和智田はありもしないネクタイを締め直すように襟を整える。
「もちろん、常識的な範囲でだぞ。死人を生き返らせろとか、自分を亡き者にしてくれとかはナシだ。俺は天使でも悪魔でもないからな。あと、俺流のやり方だから、結果に不満があっても返品・交換は一切承らん!」
なんでも叶えるなんて、小学生がばあちゃんに言っちゃいそうなことだな。
「ふざけんな、そんな話があるか」
「俺様は超絶真剣だ。お試しになんか言ってみろよ。言うだけなら簡単だろ」
和智田はへそを曲げたように腕を組み、顎を突き出す。……だから小学生かよ。
「本当になんでもするのか?」
「俺様にできることなら全力でやってやるぜ!」
かと思えば、欧米のマジシャンのように両手を大きく広げてニッカリと笑った。
どうやら、本当に注文を待っているらしい。こういう前のめりな「来いよ」状態の奴は、正直嫌いじゃない。が、危険な香りもプンプンする。こいつの未来はアザだらけだ。中学時代に鍛え抜かれた野生の勘がそうささやく。……とりあえず、テキトーに返しておくか。
「じゃあ、最高のダチを探してくれ」
「ダチぃ?」
って、おい!! テキトーがテキトーすぎてマジの願いが漏れちまったじゃねぇか!! 自分で言うのもなんだがアホなのかオレは!! だからトリ頭とか言われるんだ!!
「あ、いや、今のは……」
だが、ここで否定すればクールじゃねぇ、さらに馬鹿にされる……。まあ、さすがに冗談で言ってるって思うだろ、こいつも。
「オ、オレはよ、昔つるんだ奴らみたいに、一緒に馬鹿やって思いっきり楽しめて、そんでもって、一生オレに付き合ってくれるような、そんな相棒が欲しいんだよ。……なんつって」
中学時代の仲間は、次第にケータイを持つようになるとSNSとやらに熱中し始めて、まともな話し相手にもならなくなったし、部屋でケータイをいじってばかりいる出不精になった。気づけばオレまで、目的もなく一人で町をブラブラするようなつまらない男になっちまった。
少し気恥ずかしいが、この願いは本物だ。だからこそ、こいつが笑って馬鹿にでもしたらマジでぶっ潰す。

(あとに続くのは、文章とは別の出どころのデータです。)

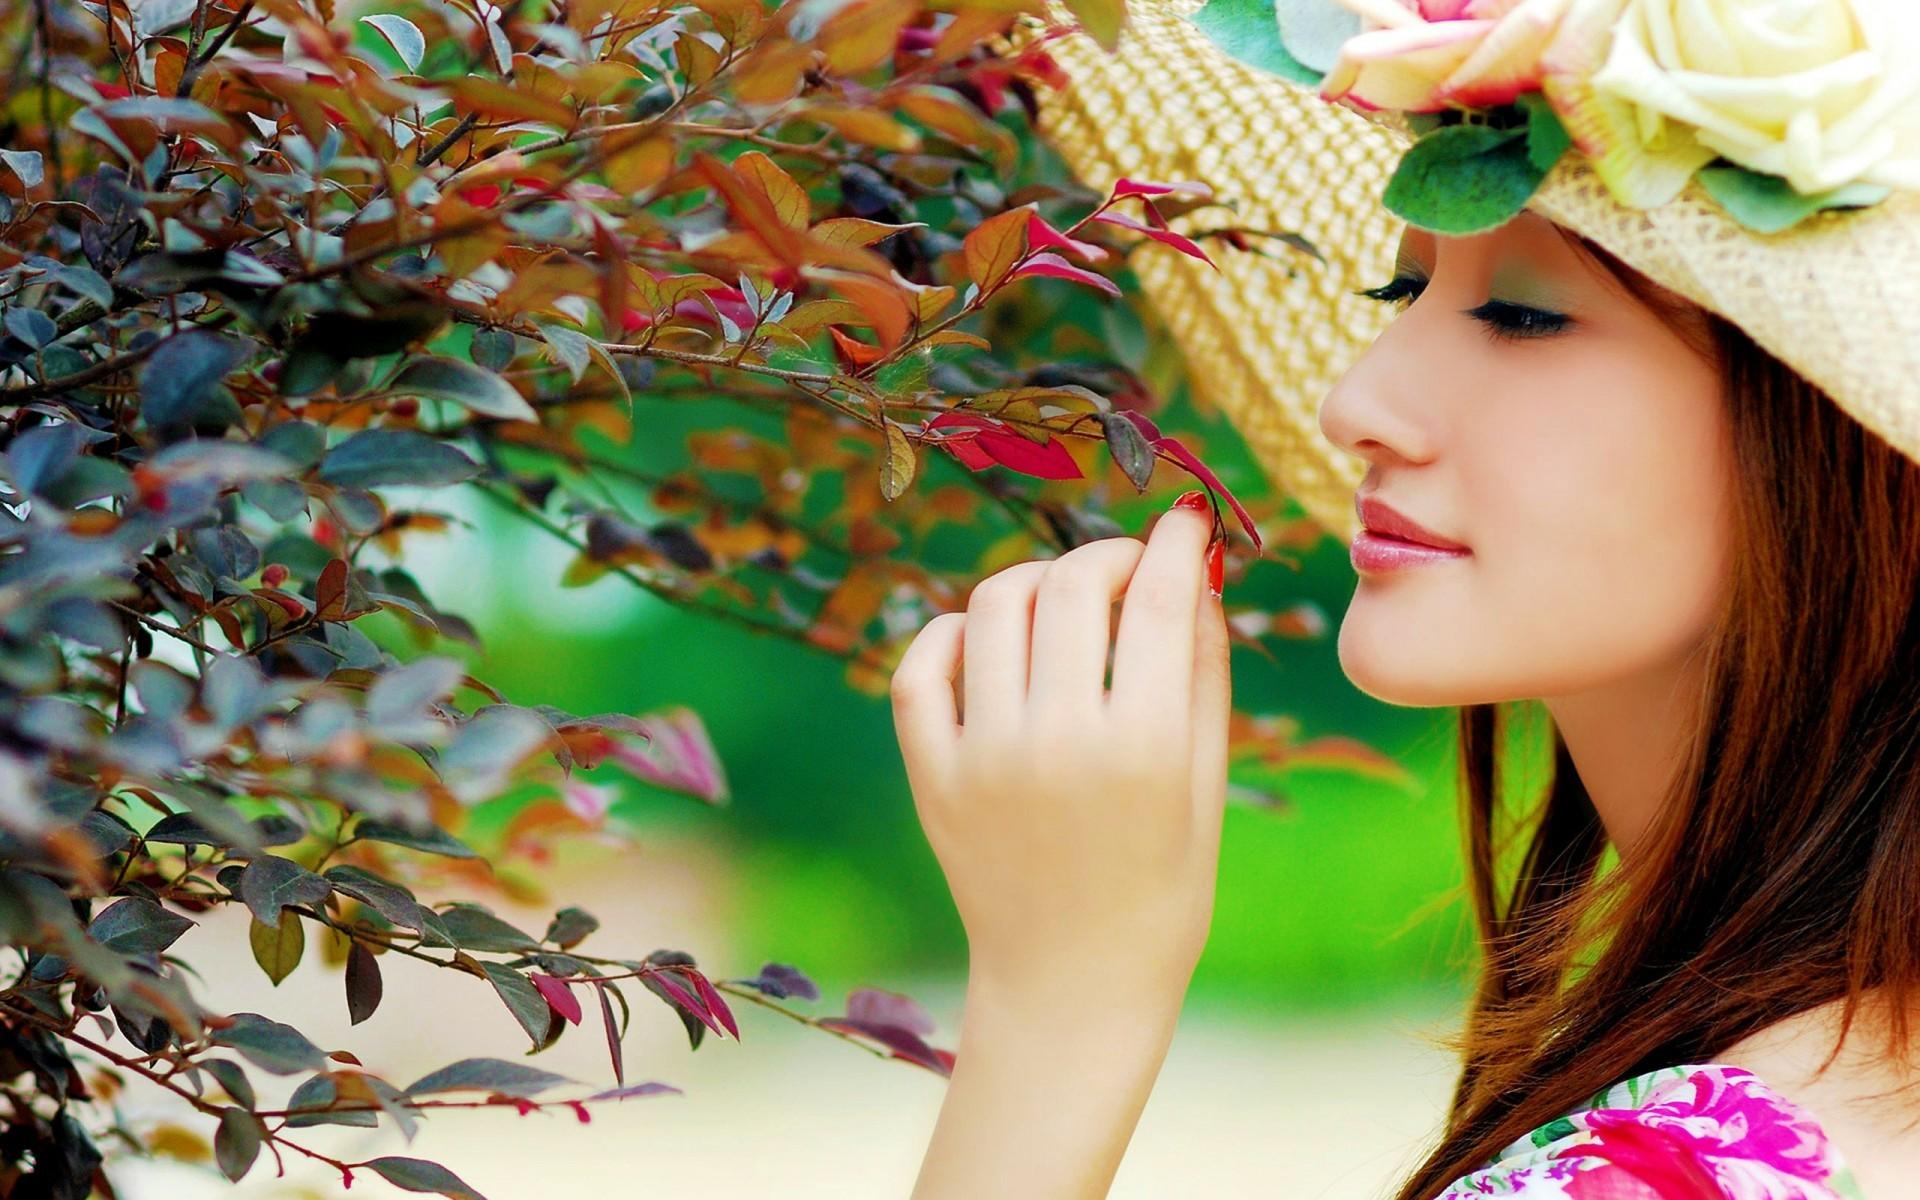 Chicas asiaticas y flores - 1920x1200

「一応確認するが……メンズラブなわけじゃないよな?」
「違ぇよっ!」
お前がふざける番じゃねぇ!
「よし! お前の望み、確かに承った! ――じゃあ、昼休みになったら俺と校内デートな!」
話聞いてた!?
親の参列が皆無の入学式を終え、てっきりクラスごとのホームルームが終わったら帰れるのかと思いきや、午後は校内の大掃除をするらしい。飯を食ったら寮に逃げてやろうと思ってたのによ。
「……で、何すんだよ」
食堂でわざわざ同じランチセットを食べ、教室に戻る道中も腕に絡みついてこようとする和智田を張り手で突き飛ばしつつ、睨みつける。

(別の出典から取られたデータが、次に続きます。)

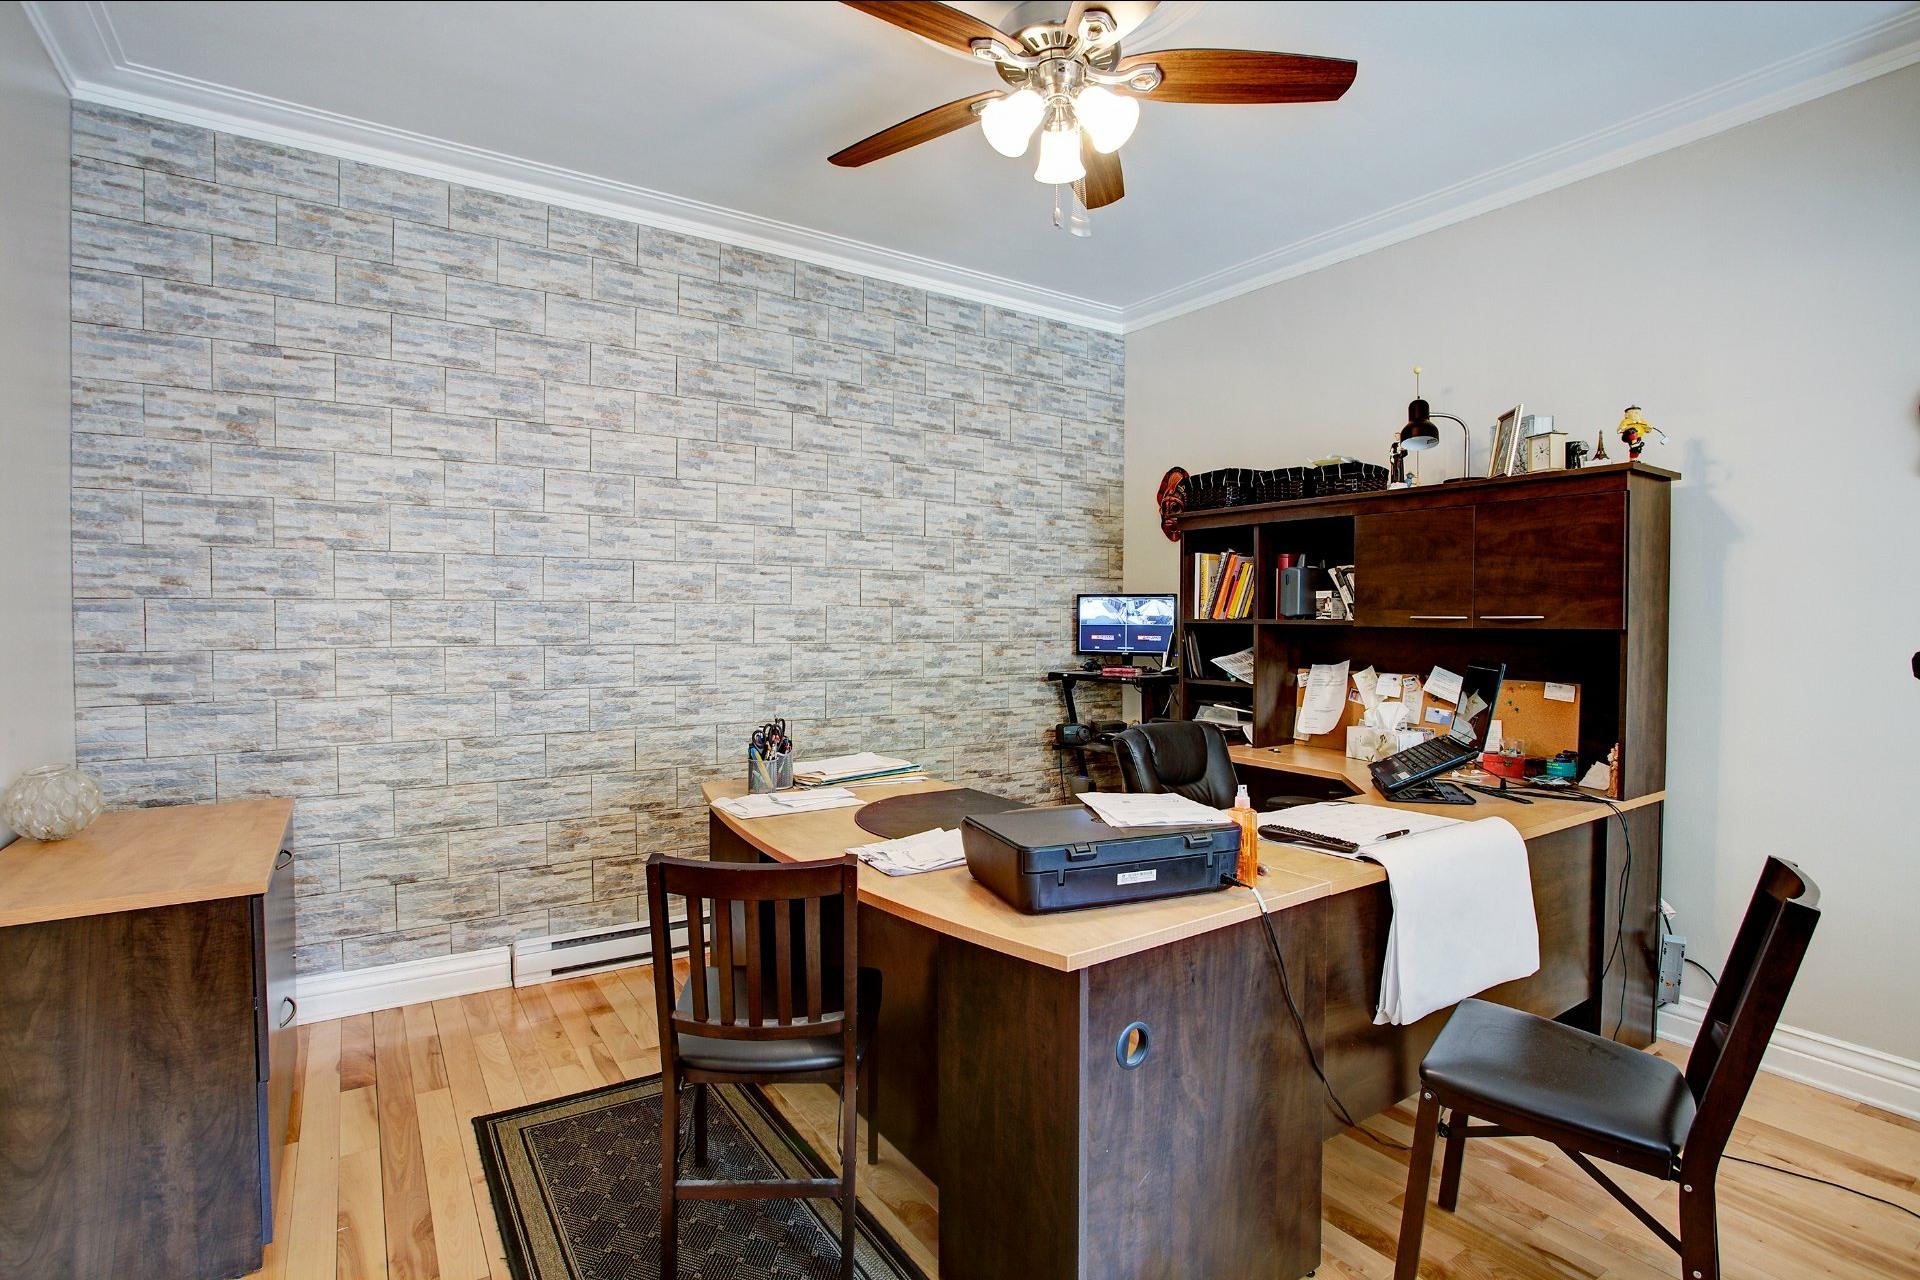 image 8 - Income property For sale Le Sud-Ouest Montréal  - 4 rooms

「暇そうにしてる奴らを観察して、オスヤマと気が合いそうな奴を見つける!」
「オスヤマじゃねぇ、オシヤマだ」
「オスヤマは外見気にするほう? やっぱ人間中身だよな」
耳がねぇのか、こいつは。
「人間中身だよなって言ってる奴に限って、めちゃくちゃ髪いじってたり化粧濃かったりするよな。あれなんなの? マジ矛盾」
お前の頭の中にはもう一人のお前がいるんだな。
「ま、気にしないんなら、片っ端から心のドアをノックしに行こうぜ。まずは隣のA組だ!」
オレの肩を軽く小突き、親指を立てた和智田は楽しそうに走り出す。
人の話を聞くつもりがないのならそれでいい。オレもそうすればいいだけの話だからな。
――って思ったのに、なんで追いかけてんだよ、オレ……。断じて、奴のウインクに誘われたわけではない。

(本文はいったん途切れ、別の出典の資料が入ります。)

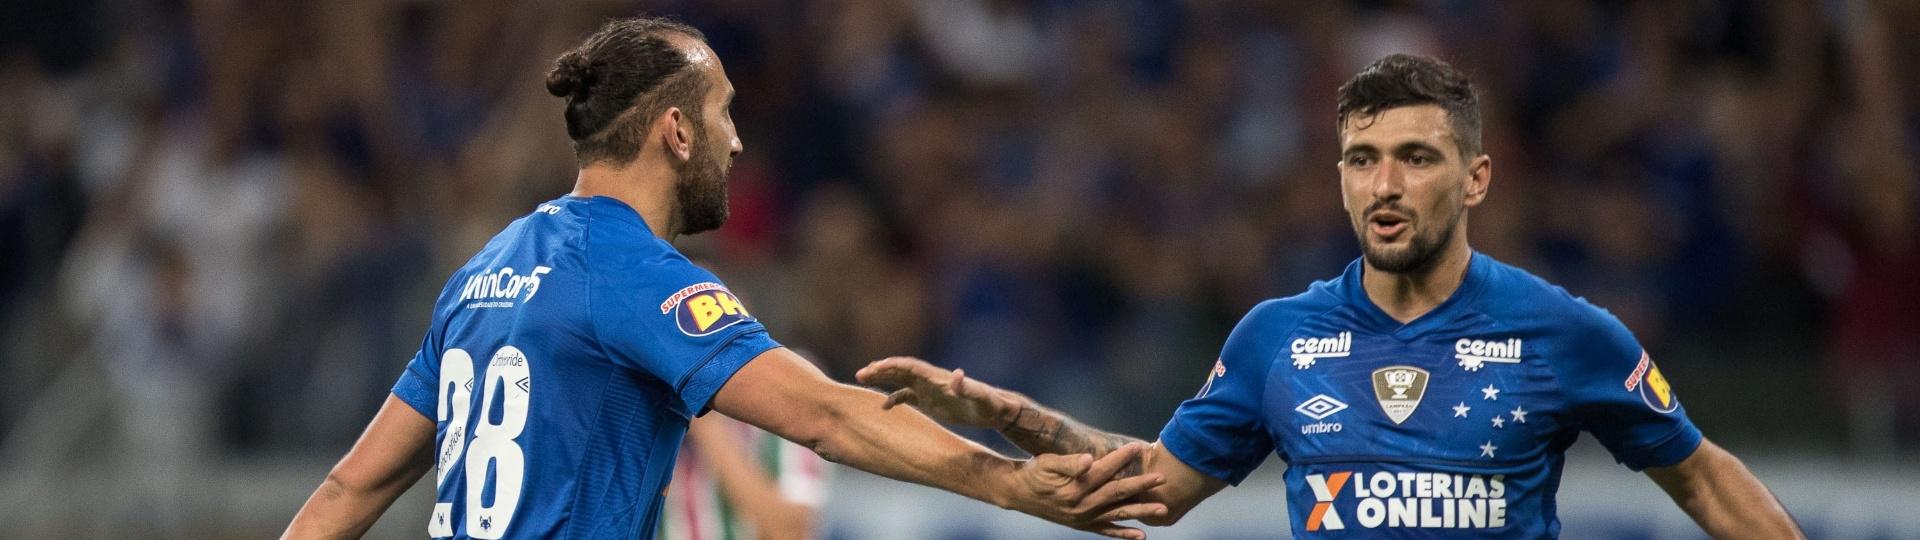 Jogadores do Cruzeiro comemoram segundo gol contra o Fluminense

「ヤッホー!! B組のオスヤマ様が喧嘩を売りに来てやったぜー!!」
奴はA組の前に着いたや否や、勢いよく扉を蹴破った。
観察する気ゼロ!? なんで喧嘩腰なんだよ!
「え、言っただろ。和智田陽平様は喧嘩の売買はしないって。だからお前の名でまかり通ってやる!」
人の話は聞かねぇくせに心が読める──お前が超矛盾人間だよ!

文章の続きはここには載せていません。